II. ALLEGED VIOLATION OF ARTICLE 7 OF THE CONVENTION
- The
applicant further complained that the retrospective extension of his
first preventive detention from a maximum period of ten years to an
unlimited period of time due to the amendment in 1998 of Article 67d
§§ 1 and 3 of the Criminal Code, read in conjunction with
section 1a § 3 of the Introductory Act to the Criminal Code (see
paragraphs 24-25), breached his right not to have a heavier penalty
imposed on him than the one applicable at the time of his offence. He
relied on Article 7 § 1 of the Convention, which provides:
“No one shall be held guilty of any criminal
offence on account of any act or omission which did not constitute a
criminal offence under national or international law at the time when
it was committed. Nor shall a heavier penalty be imposed than the one
that was applicable at the time the criminal offence was committed.”
- The
Government contested that argument.
A. Admissibility
- The
Court notes that this complaint is not manifestly ill-founded within
the meaning of Article 35 § 3 (a) of the Convention. It further
notes that it is not inadmissible on any other grounds. It must
therefore be declared admissible.
B. Merits
1. The parties’ submissions
- The
applicant, referring to the Court’s findings in the case of
M. v. Germany (cited above), considered that his
continued preventive detention beyond the period of ten years had
also violated Article 7 § 1 of the Convention.
- The
Government referred to their observations made in relation to Article
7 in the application of M. v. Germany (cited above) to which,
in terms of the temporal course of events, the present application
was comparable.
2. The Court’s assessment
(a) Recapitulation of the relevant
principles
- The
Court reiterates the relevant principles laid down in its case-law on
Article 7 of the Convention, which have been summarised in its
judgment of 17 December 2009 in the case of M. v. Germany
(cited above) as follows:
“118. Article 7 embodies, inter
alia, the principle that only the law can define a crime and
prescribe a penalty (nullum crimen, nulla poena sine lege).

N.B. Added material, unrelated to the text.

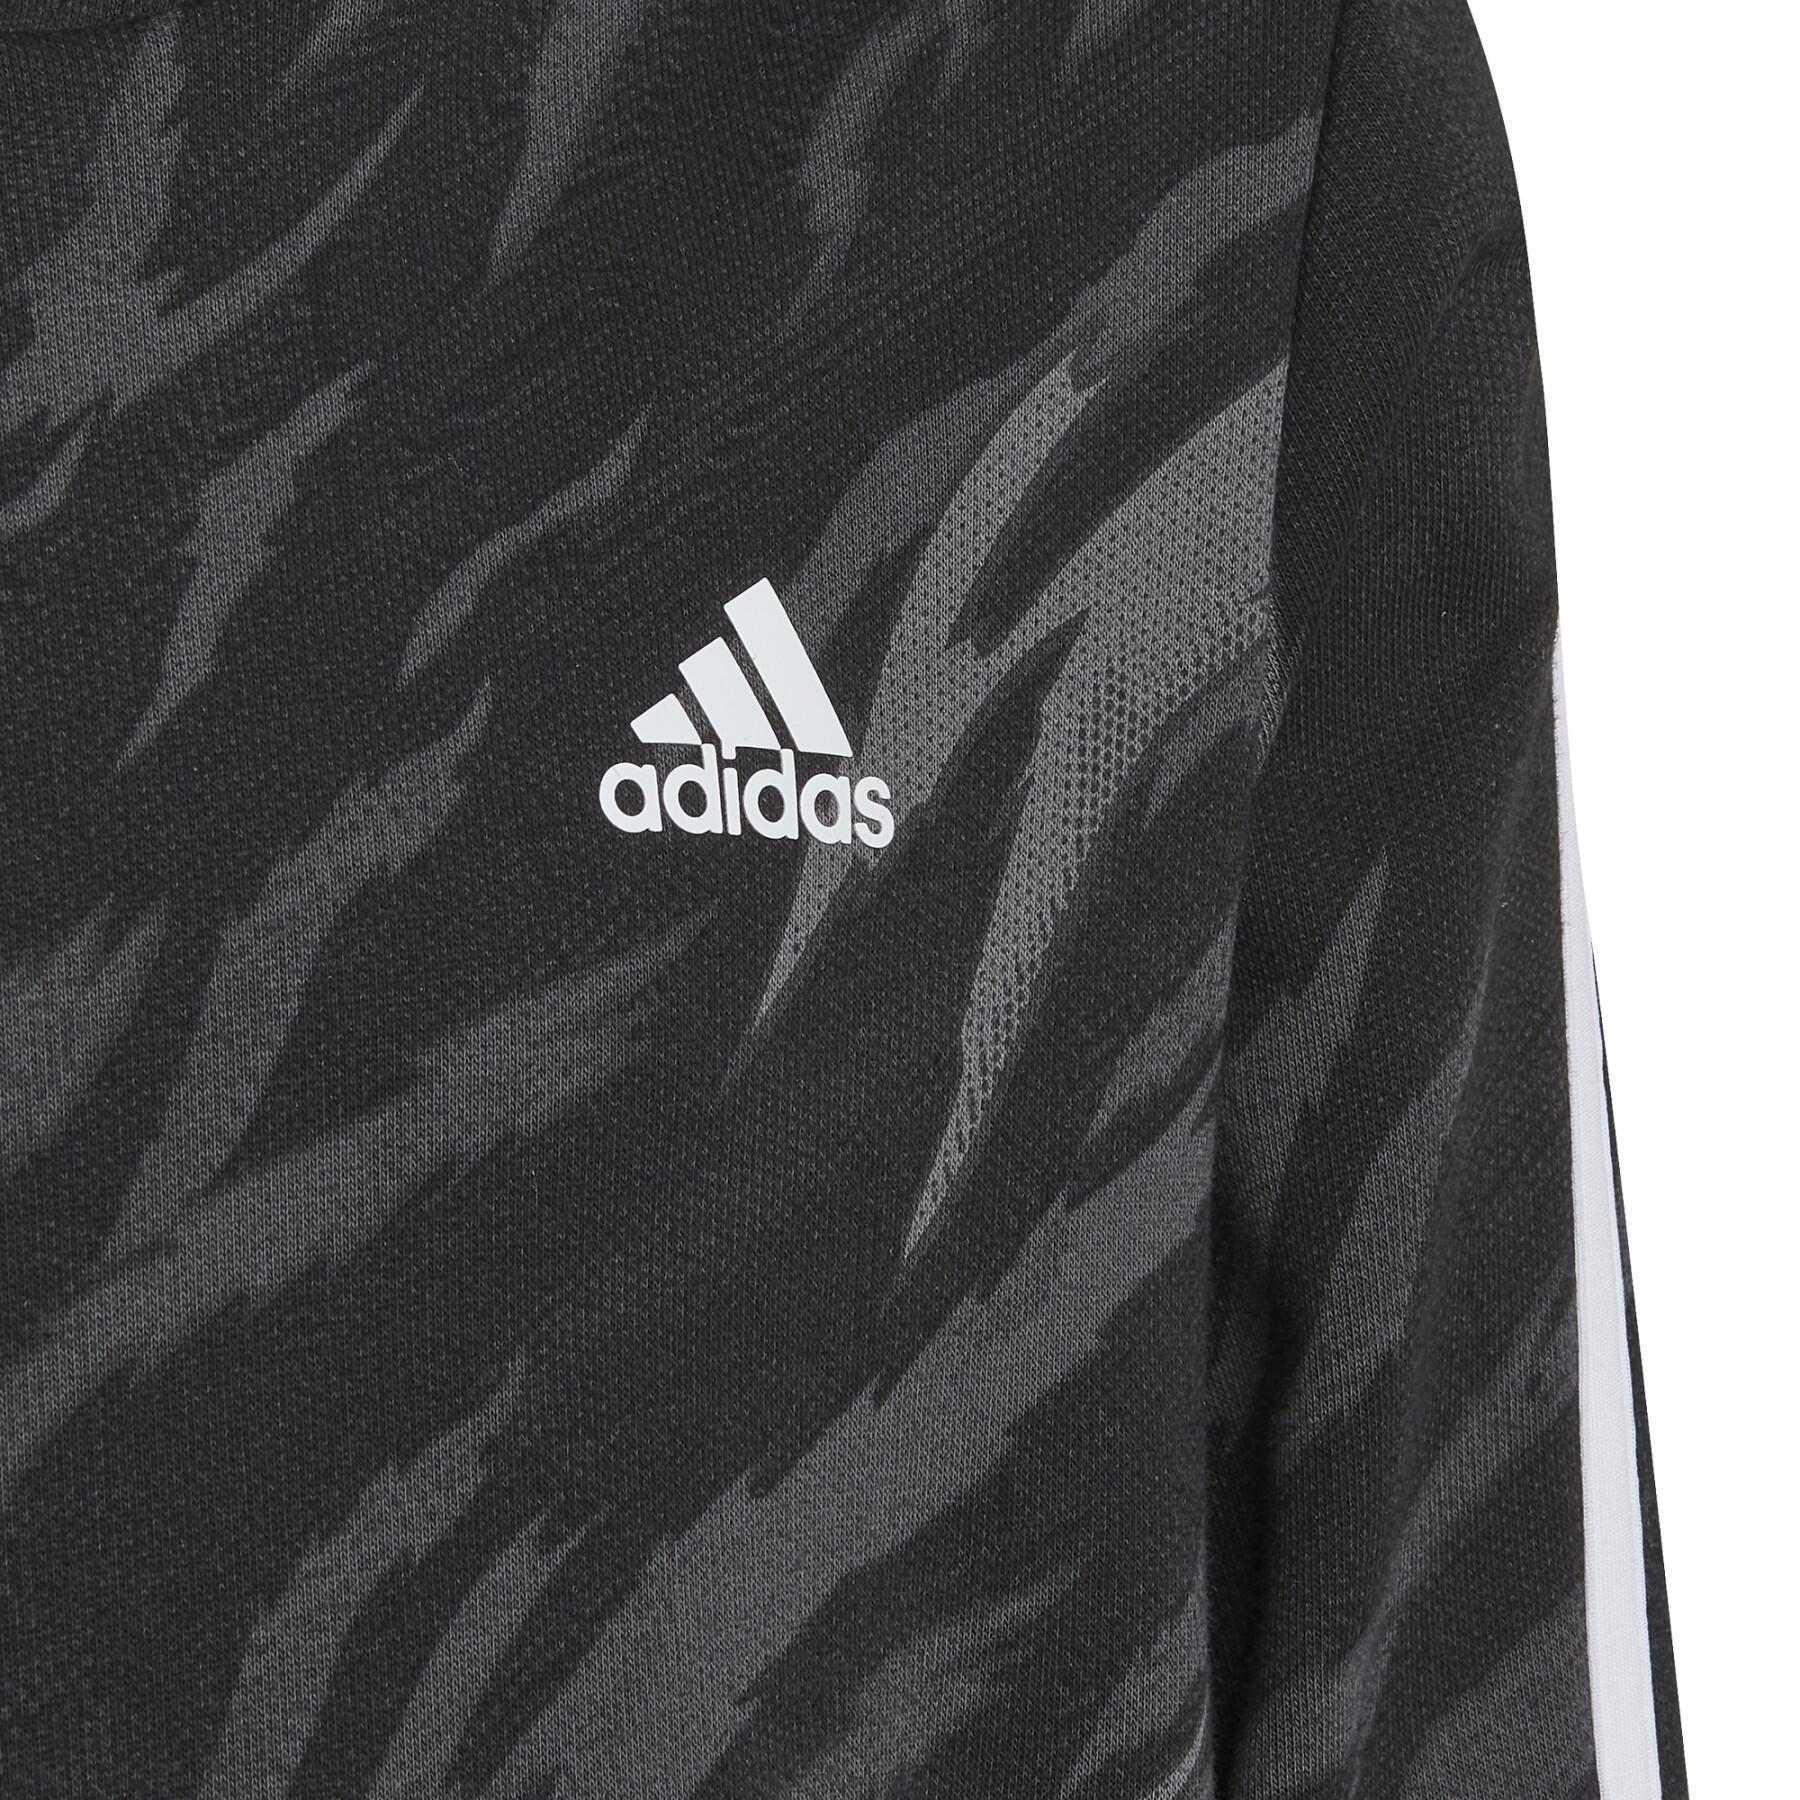 Boy hoodie adidas future icons 3-stripes graphic

While it prohibits in particular the retrospective application of the
criminal law to an accused’s disadvantage (see Kokkinakis v.
Greece, 25 May 1993, § 52, Series A no. 260 A) or
extending the scope of existing offences to acts which previously
were not criminal offences, it also lays down the principle that the
criminal law must not be extensively construed to an accused’s
detriment, for instance by analogy (see Uttley v. the United
Kingdom (dec.), no. 36946/03, 29 November 2005, and Achour v.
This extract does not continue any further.